Meine lieben Brüder und Schwestern, ich freue mich, an diesem Sonntagmorgen bei Ihnen zu sein. Unsere Lebensumstände sind verschieden. Wir kommen aus allen Ländern und vielen ethnischen Gruppen im Reich Gottes zusammen. Und diese prophezeite Sammlung beschleunigt sich.

Wir sehen, dass es in der Welt immer mehr Konflikte zwischen den Völkern gibt. Diese Spaltungen und Meinungsverschiedenheiten können auch uns erfassen. Daher lautet heute meine Botschaft der Hoffnung, dass ein großer Tag kommt, da wir eins sein werden. Wenn der Herr, Jehova, zurückkehrt, um bei denen zu wohnen, die sein Volk geworden sind, wird es einig sein: eines Herzens, eins mit ihm und mit unserem himmlischen Vater.

Ich habe schon mehrfach zu Ihnen über Einigkeit gesprochen. Ich werde vielleicht auch in Zukunft wieder darüber sprechen. Jeder Prophet Gottes zu meinen Lebzeiten hat davon gesprochen. Präsident David O. McKays letzte Botschaft, an die ich mich erinnere, war eine inständige Bitte um Einigkeit. Die Propheten des Herrn haben schon immer zur Einigkeit aufgerufen. In den Tagen, die vor uns liegen und in denen wir als Volk auf unsere herrliche Bestimmung vorbereitet werden, werden wir noch mehr darauf angewiesen sein, dass uns diese Gabe gewährt wird, und es wird uns noch mehr abverlangt werden, um sie zu bewahren.

Meine Botschaft lautet, dass wir bereits besser geworden sind. Väter und Mütter beten für mehr Einigkeit in der Familie, und diese Gebete werden erhört. Familien beten morgens und abends gemeinsam. Als ich einmal bei einer Familie zu Gast war, lud man mich ein, vor dem Schlafengehen mit ihr zu beten. Das kleinste Kind wurde aufgefordert, das Gebet zu sprechen. Wie ein Patriarch betete der Junge namentlich für jeden in der Familie. Ich öffnete kurz die Augen, um die Gesichter der anderen Kinder und der Eltern zu betrachten. Ich sah ihnen an, dass sie ihren Glauben und ihre Herzen im Gebet dieses kleinen Jungen vereinigten.
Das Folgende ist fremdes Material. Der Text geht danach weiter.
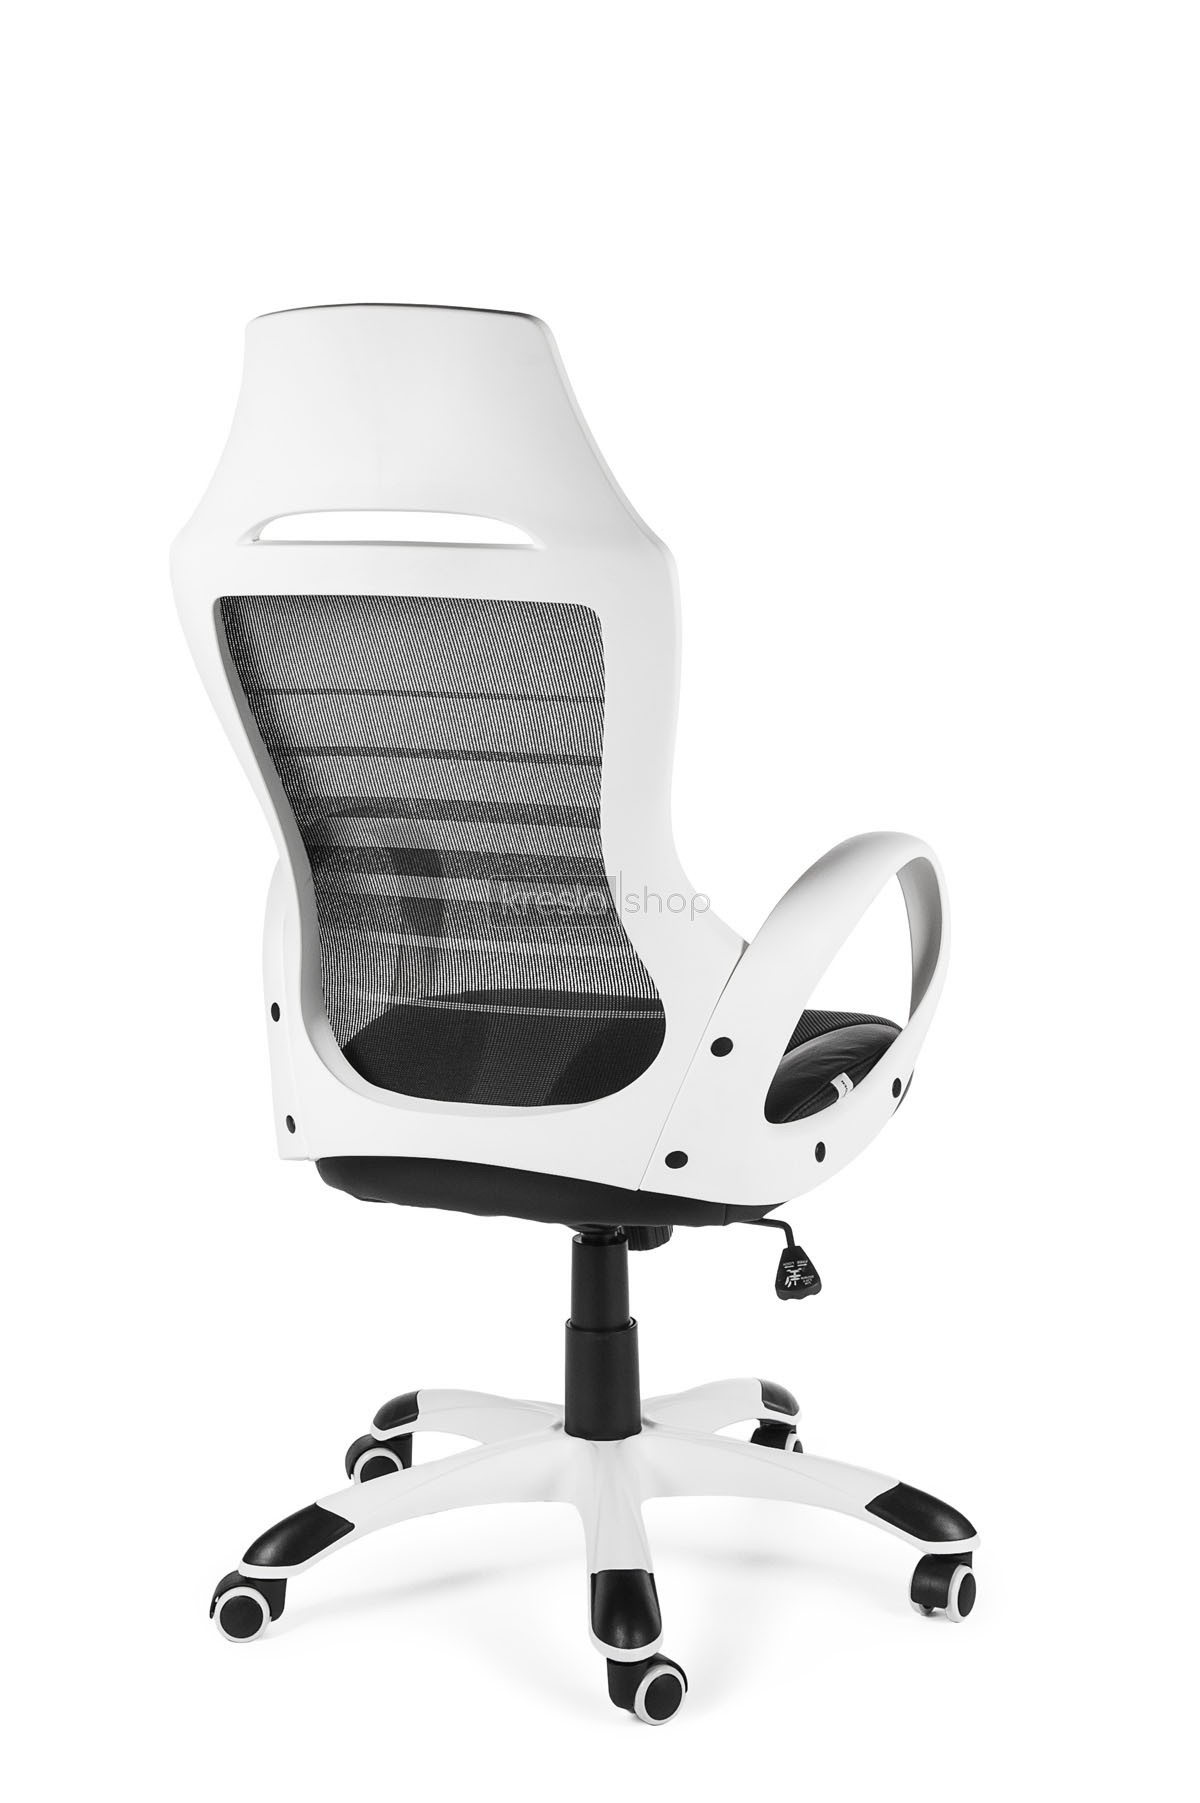 Кресло для персонала Norden Реноме CX0729H01 white+black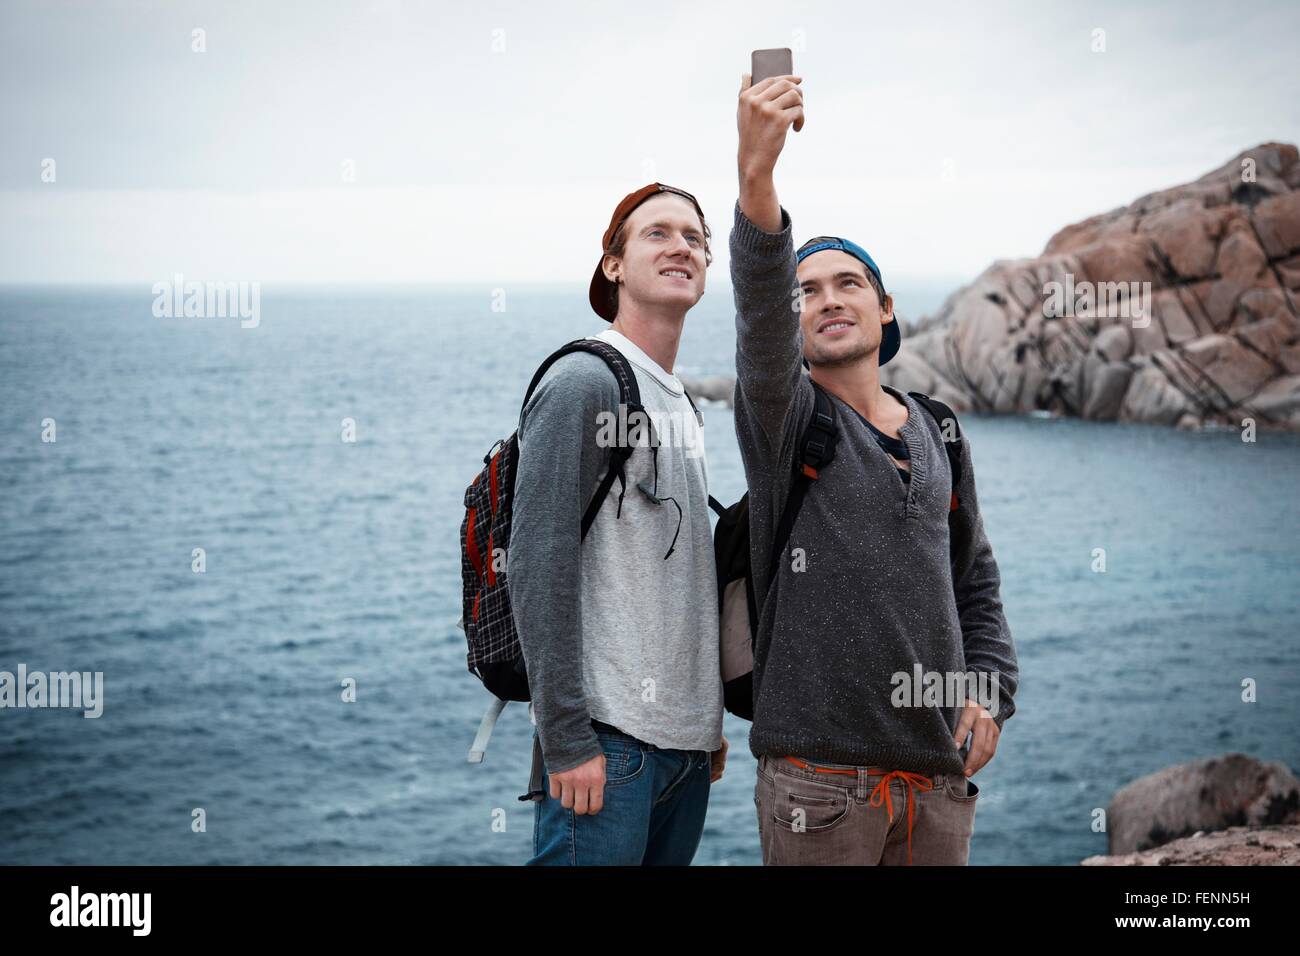 Junge Männer vor Ozean mit Smartphone zu Selfie lächelnd, Costa Smeralda, Sardinien, Italien Stockfoto

Vor kurzem beteten auch ein paar FHV-Schwestern gemeinsam, ehe sie eine junge Schwester besuchten, deren Mann ganz unerwartet verstorben war. Sie wollten herausfinden, was sie tun und wie sie zusammenarbeiten konnten, wenn sie halfen, das Haus für die Angehörigen und Freunde herzurichten, die zur Beerdigung kommen würden. Sie wollten wissen, wie sie die Schwester im Sinne des Herrn trösten konnten. Ihr Gebet wurde erhört. Als sie dort ankamen, machte sich jede Schwester an die Arbeit. Sie waren so schnell fertig, dass einige Schwestern bedauerten, dass es nicht noch mehr zu tun gab. Sie sprachen Trost zu und wählten genau die richtigen Worte. Sie leisteten einig Dienst für den Herrn und waren im Herzen vereint.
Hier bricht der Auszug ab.